Wikinvest Wire

More record home price declines

Tuesday, May 26, 2009

The March report(.pdf) for the S&P Case-Shiller Home Price Indexes shows a record decline of 19.1 percent in the quarterly National Home Price Index and a slightly less severe rate of decline for the 10-city and 20-city indexes. Price indexes for all 20 cities are shown below.
The top to bottom position on the right (corresponding to the order of the legend in the upper left to aid in viewing the data) saw a few changes last month, San Francisco, Las Vegas, Minneapolis, and Phoenix continuing to move down.

The index for Detroit now stands at 71.67, well off the bottom of the chart.

As shown below, Phoenix maintained its leadership role in year-over-year price declines with an astonishing 36.0 percent plunge. Las Vegas and San Francisco are not far behind with declines of more than 30 percent, all underlined in red.
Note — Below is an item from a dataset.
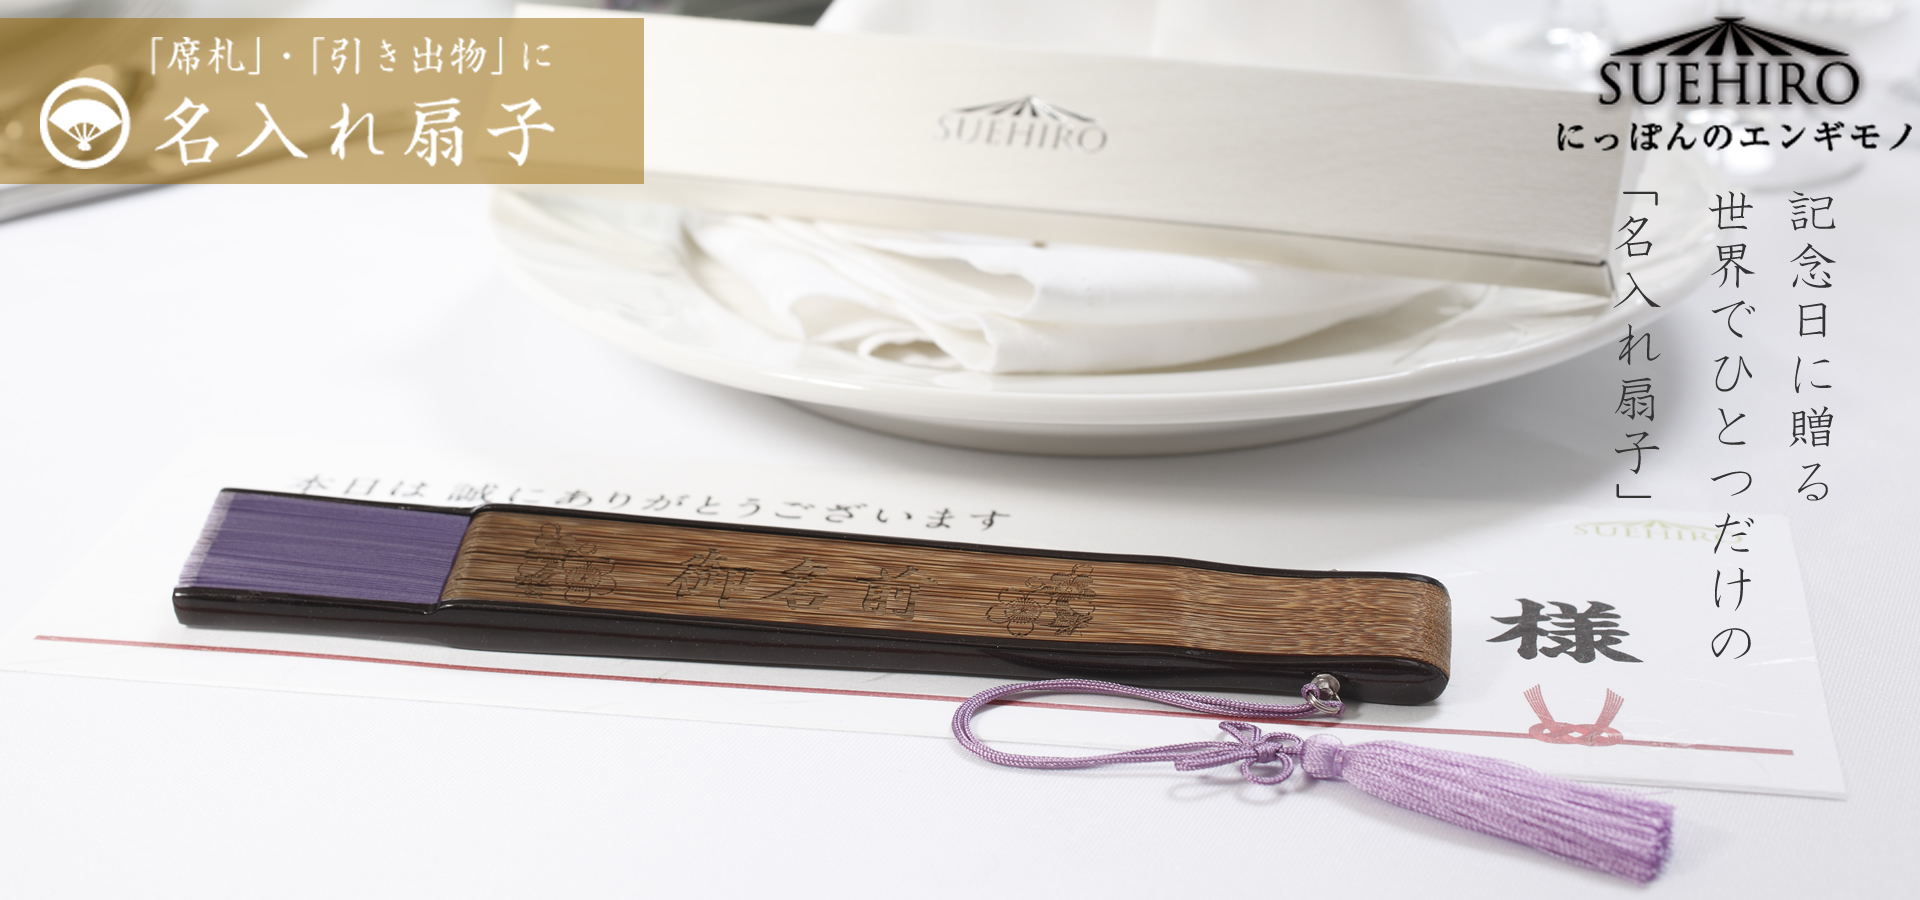 Poke扇(Pokesen)は「扇子を纏う」をコンセプトに、扇面と同素材、同柄のチーフをセットにした新しい扇子です

Home prices in Minneapolis continue to tumble at an astonishing rate, down more than 6 percent in March with a year-over-year drop of 23.3 percent, sixth worst of the 20 cities. IMAGE David M. Blitzer, Chairman of the Index Committee at Standard & Poor's, noted:

Declines in residential real estate continued at a steady pace into March. All 20 metro areas are still showing negative annual rates of change in average home prices with nine of the metro areas having record annual declines. Seventeen metro areas recorded a monthly decline in March, with Minneapolis, Detroit and New York posting record monthly declines.

On a positive note, nine of MSAs are reporting a relative improvement in year-over-year returns and nine of the 20 metro areas saw an improvement in their monthly returns compared to February. Furthermore, this is the second month since October 2007 where the 10- and 20-City Composites did not post a record annual decline. Based on the March data, however, we see no evidence that that a recovery in home prices has begun.
There's your "green shoot" for the day - March was the second month in the last six where neither index showed a record annual decline in home prices.

3 comments:

Anonymous said...

And of course this data is *not* adjusted for inflation. If it were we would see that many of these markets (not just 1 or 2) are below historic average now!

Why is it that so many people think a home is actually an investment???

Anonymous said...

wow u just made my head spin ! and to think you actually believe what you just said ! amazing ! u muat watch CNBC! but you did get the investment part right !

007Billion said...

The reason people see real estate as an investment is that it was a great way to make a killing if you flipped houses during the bubble.
Even if you didn't flip your equity could be accessed for whatnot if you refinanced.
Conventional wisdom said jump in, you can't lose.
Prices would just go up and up - in the short term.
That was the rub: When would things turn on their head and the music stop. Timing was everything as an investor always knows: buy low sell high.
That still applies. Sucks being caught off guard if you weren't paying attention. Wait for bottom in two or three years time and buy in low and look for the next bubble underwritten by our subsidized mortgage welfare state. Better yet, become the welfare cheat yourself and call yourself a bank holding company.
The only game in town that I don't see changing in the foreseeable future.
This is a form of redistribution of wealth that will be sanctioned by our government to keep the game going at all costs and you want to be on the winning side of an equation that no one will be able to challenge.
Real estate will once again recover and attract those willing to play the game and skim the profits off a rigged system.